As is the case in the South, refinancing has characterised the first half of the year in the North of the UK, Wells adds.
In the Midlands, GE Capital’s regional director Paul Edmeades has seen M&A being driven by stressed businesses, which he describes as inherently good businesses that have just taken on too much debt. He adds, ‘A lot of these transactions were done in 2006-07, when higher multiples were paid for businesses. In the current climate it’s going to be impossible to service those debt levels, so the businesses need to go through some form of restructuring in order to go forward.’

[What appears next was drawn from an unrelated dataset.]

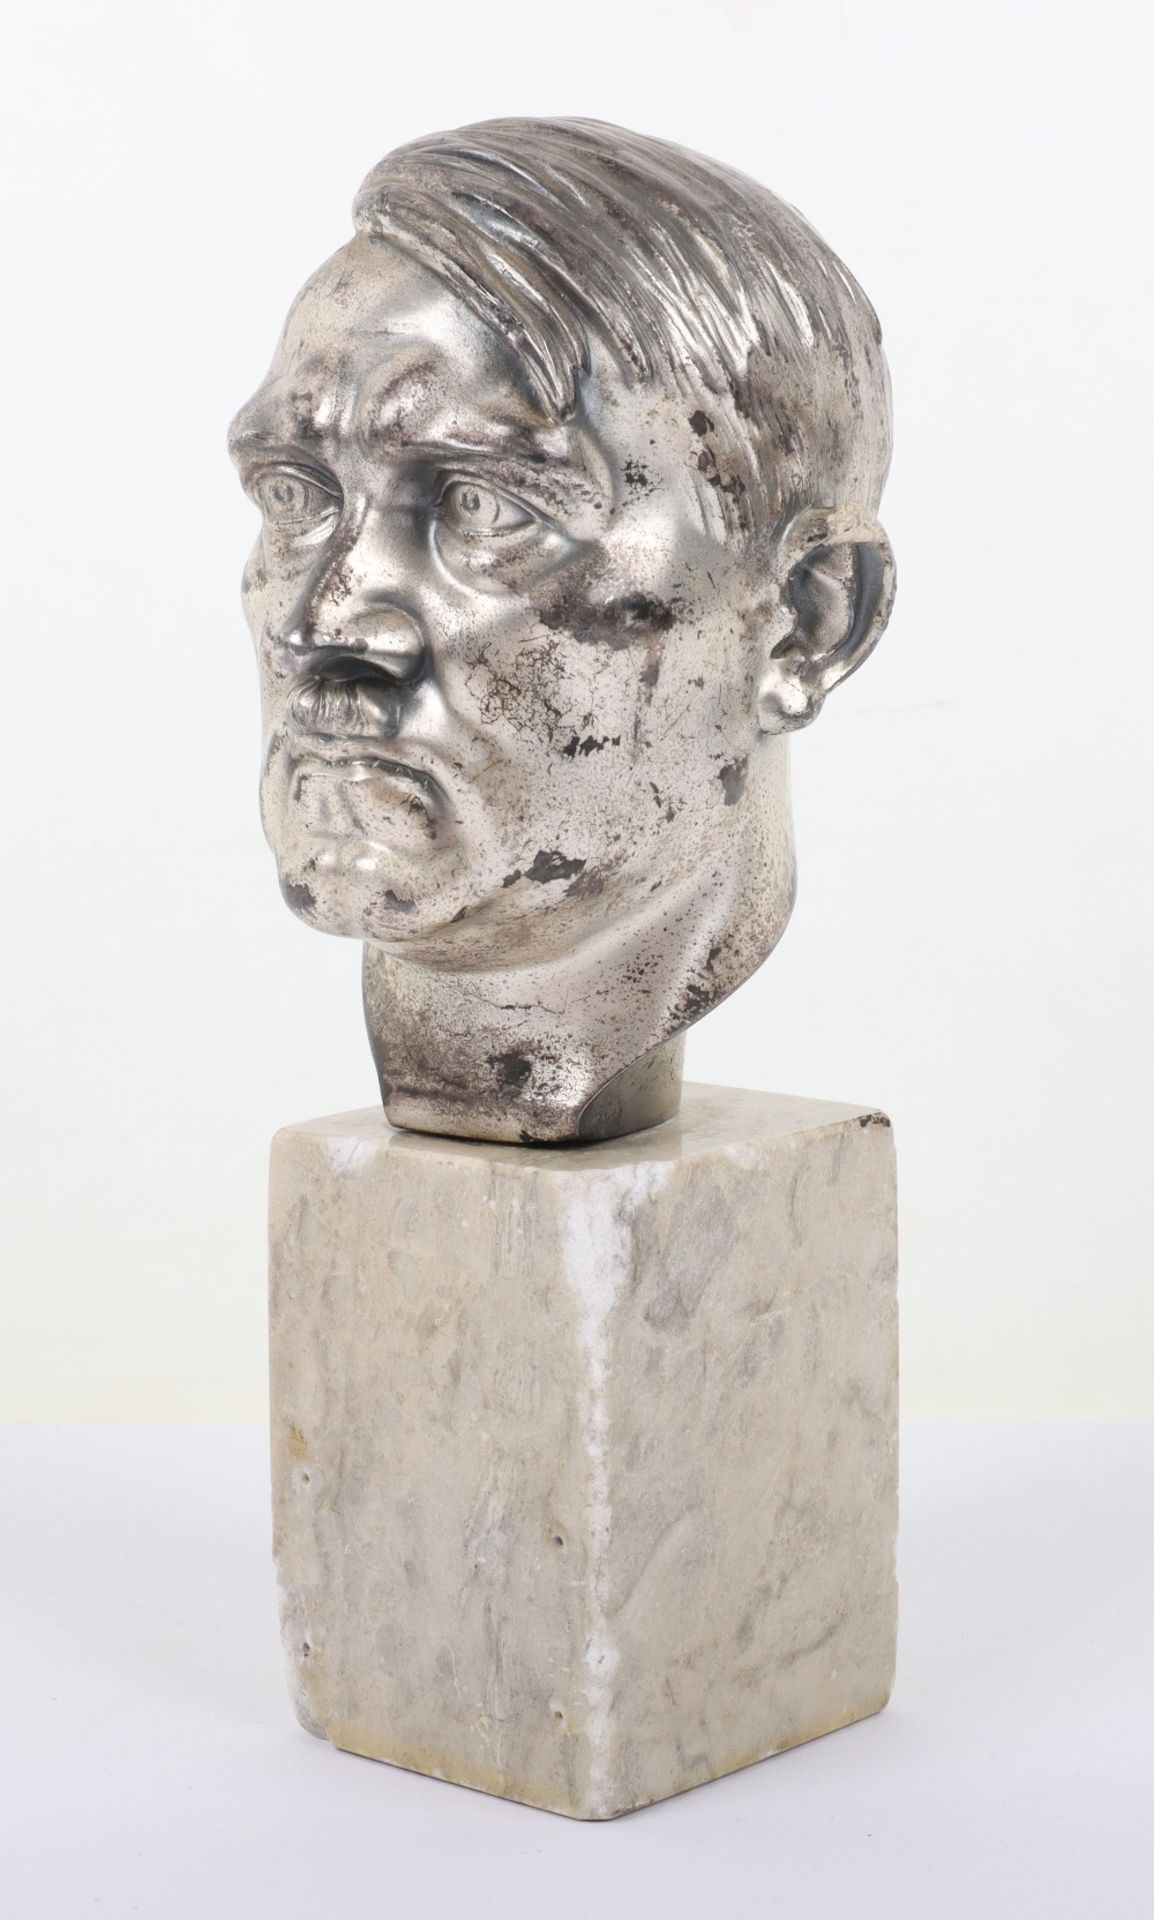 Third Reich Adolf Hitler Table Bust - Image 5 of 6

In March, GE Capital backed the management buy-out of Redditch-based Vision Seafoods, by providing a £4.75 million invoice discounting facility and an inventory loan facility. Edmeades comments, ‘The business was a strongly performing subsidiary of a larger group that was purchased out of administration. It wasn’t typical of the deals we’ve seen this year because a large number of companies see refinancing as a potential alternative and haven’t had to go through administration.’
Looking to the year ahead, Wells expects to see more M&A activity driven by non-core divestments by larger corporates and by private equity firms looking for opportunities to invest the cash reserves that they have failed to spend thus far.
Edmeades concludes, ‘While we have seen some upturn locally, there is still some caution in the market, which I think will dissipate in 2011 as economic growth continues.’